Zu Spruchteil B des Spruchpunkte II.) Unzulässigkeit der Revision:
Gemäß § 25a Abs. 1 VwGG hat das Verwaltungsgericht im Spruch seines Erkenntnisses oder Beschlusses auszusprechen, ob die Revision gemäß Art. 133 Abs. 4 B-VG zulässig ist. Der Ausspruch ist kurz zu begründen.
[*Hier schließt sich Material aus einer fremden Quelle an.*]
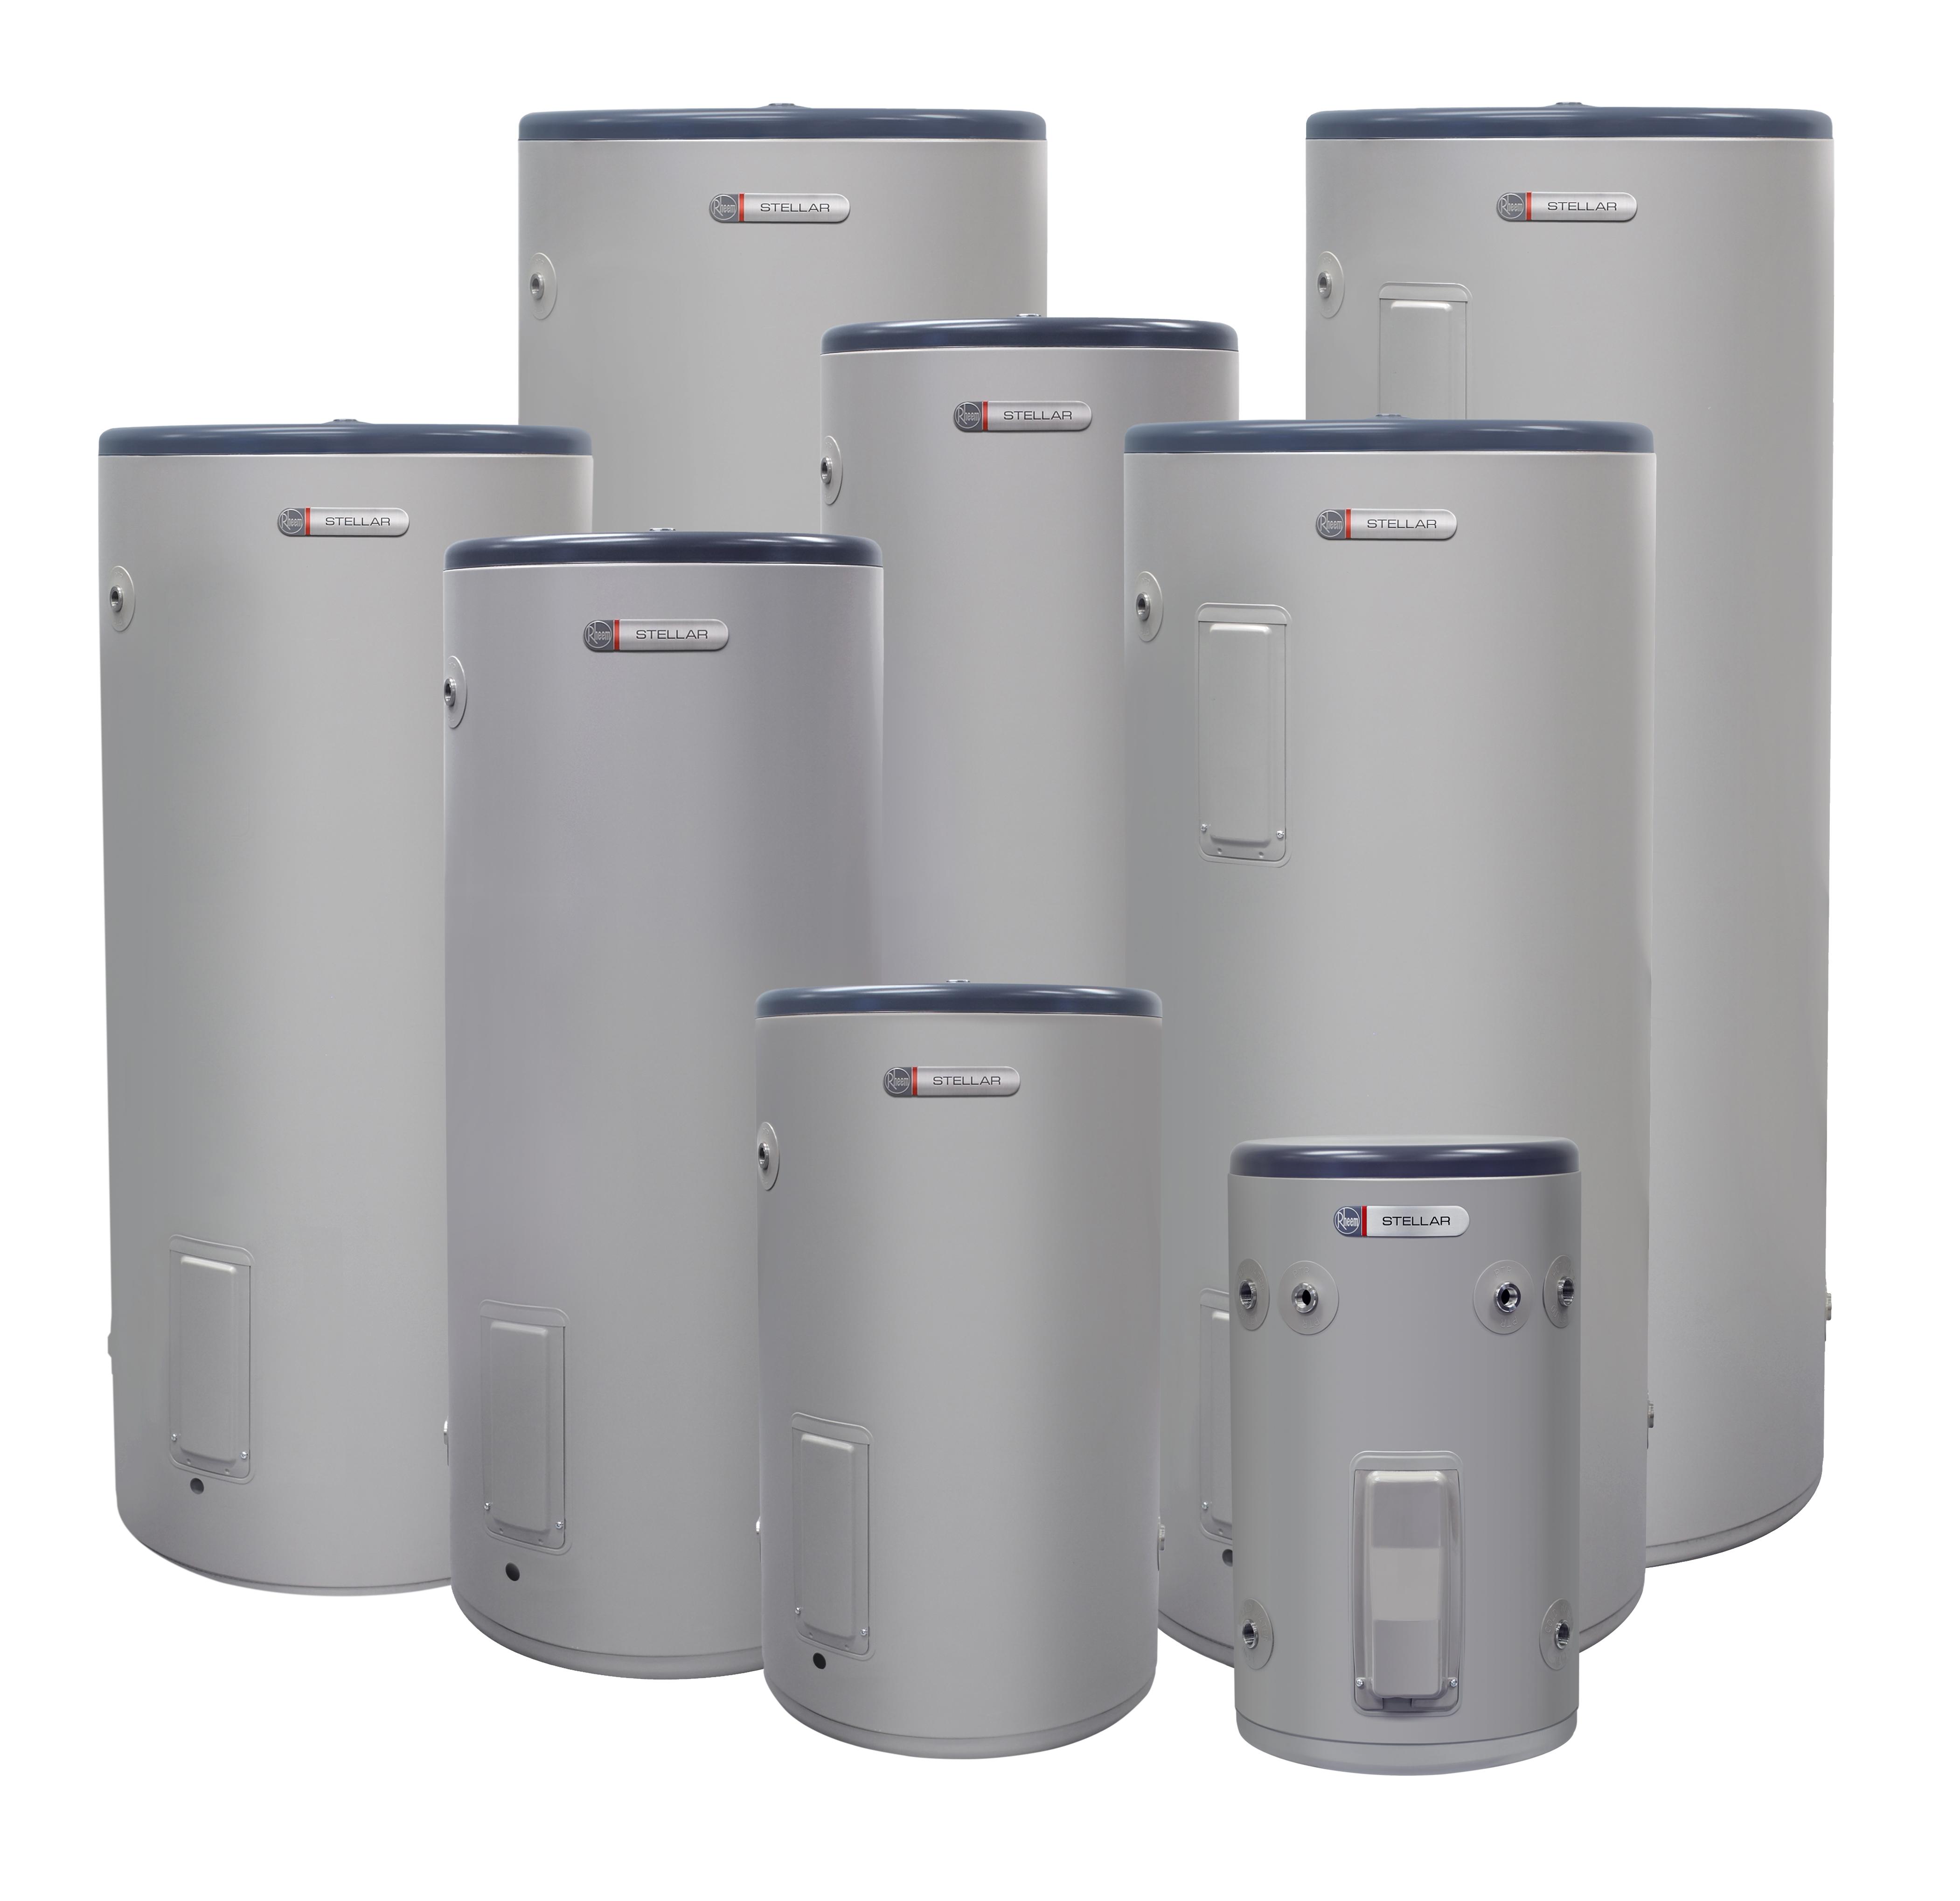 Rheem hot water heater dating

Weder weicht die gegenständliche Entscheidung von der bisherigen, oben zitierten Rechtsprechung des Verwaltungsgerichtshofes, des Verfassungsgerichtshofes und des EGMR zu Fragen des Asyls, zur Überschreitung der Eingriffsschwelle des Art. 3 EMRK und zu Fragen des Art. 8 EMRK ab, noch fehlt es an einer Rechtsprechung; weiters ist die vorliegende Rechtsprechung des Verwaltungsgerichtshofes auch nicht als uneinheitlich zu beurteilen. Auch liegen keine sonstigen Hinweise auf eine grundsätzliche Bedeutung der zu lösenden Rechtsfragen vor; konkrete Rechtsfragen grundsätzlicher Bedeutung sind weder in der gegenständlichen Beschwerde vorgebracht worden noch im Verfahren vor dem Bundesverwaltungsgericht hervorgekommen. Das Bundesverwaltungsgericht konnte sich bei allen erheblichen Rechtsfragen auf eine in der Begründung zitierte Rechtsprechung des Verwaltungsgerichtshofes, des Verfassungsgerichtshofes und des EGMR bzw. auf eine ohnehin klare Rechtslage stützen. Die maßgebliche Rechtsprechung wurde bei den Erwägungen zu den einzelnen Spruchpunkten wiedergegeben. Insoweit die in der rechtlichen Beurteilung angeführte Judikatur des Verwaltungsgerichtshofes und des Verfassungsgerichtshofes zu früheren Rechtslagen ergangen ist, sie ist nach Ansicht des Bundesverwaltungsgerichtes auf die inhaltlich meist völlig gleichlautenden Bestimmungen der nunmehr geltenden Rechtslage unverändert übertragbar.